Categories: Business

Exclusive-Apple in talks with Barclays and Synchrony to replace Goldman in credit card deal, sources say

By Nupur Anand

NEW YORK – Apple is in talks with Barclays to replace Goldman Sachs as the tech giant’s credit card partner, two sources familiar with the matter said, as the Wall Street giant backs away from its ambitions in terms of consumer credit.

Credit card issuer Synchrony Financial is also in discussions with Apple about the card partnership, the first source said. Both sources declined to be identified as they discussed private discussions.

Several financial firms are vying to replace Goldman, which launched the credit card with Apple in 2019, the sources said. While other lenders are tempted to work with Apple, one of the world’s best-known brands, they also view the initial terms of the deal as risky and unprofitable, sources told Reuters in December 2023.

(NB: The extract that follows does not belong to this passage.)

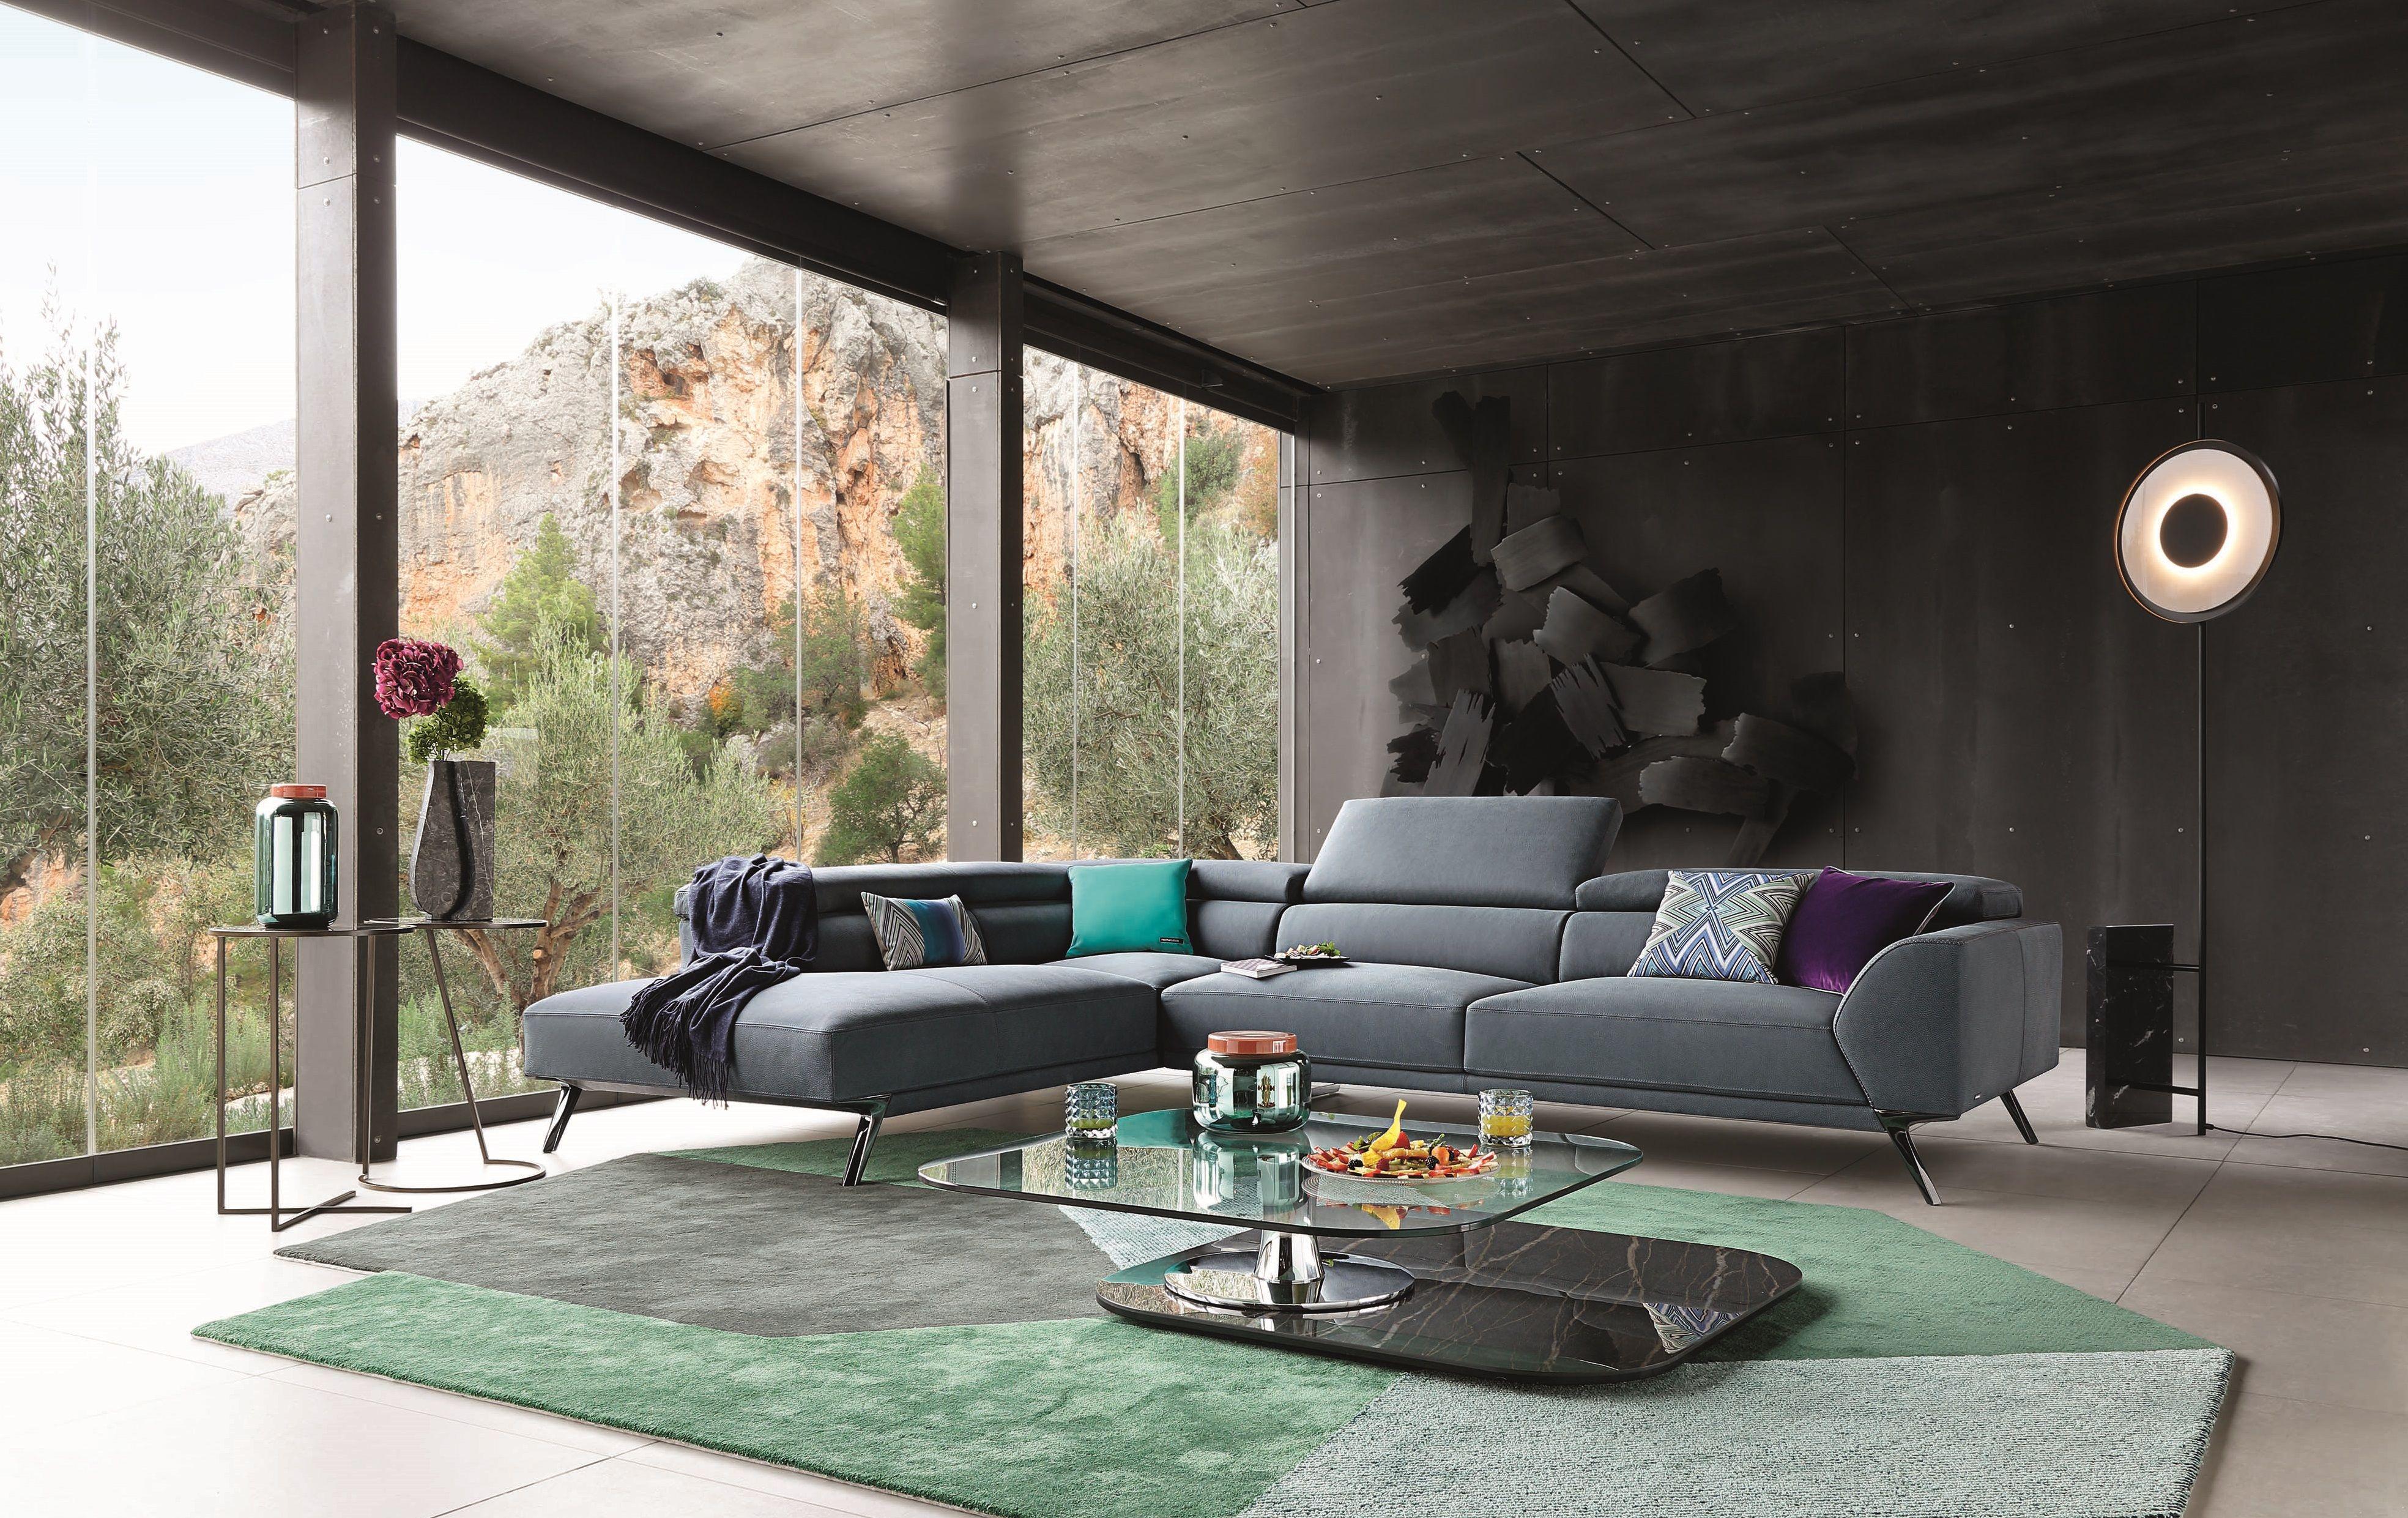 Roche Bobois Prefixe Sofa Designed By Sacha Lakic Furniture Design Furniture Sofa Bed

Negotiations between Apple and Barclays have been going on for several months, but it may still take months to reach an agreement, the first source said.

JPMorgan Chase has also been in talks with Apple about the business since last year, Reuters previously reported.

Representatives for Apple, Goldman, Barclays and JPMorgan declined to comment. Synchrony did not immediately respond to a request for comment.

Goldman’s credit card deal with Apple lasts through 2030, but the partnership could end sooner than that, Goldman CEO David Solomon told analysts on an earnings conference call Wednesday .

In 2024, Goldman moved its General Motors credit card business to Barclays, which allows customers to earn and redeem rewards points on new Buicks, Cadillacs and other GM cars, including electric vehicles. The deal allowed Barclays to expand its card presence in the United States.

Goldman entered the consumer sector nearly a decade ago, aiming to expand its revenue beyond its traditional pillars of trading and investment banking. At the end of 2022, the Wall Street powerhouse decided to scale back its retail ambitions after setting aside billions of dollars to cover potential losses in the business.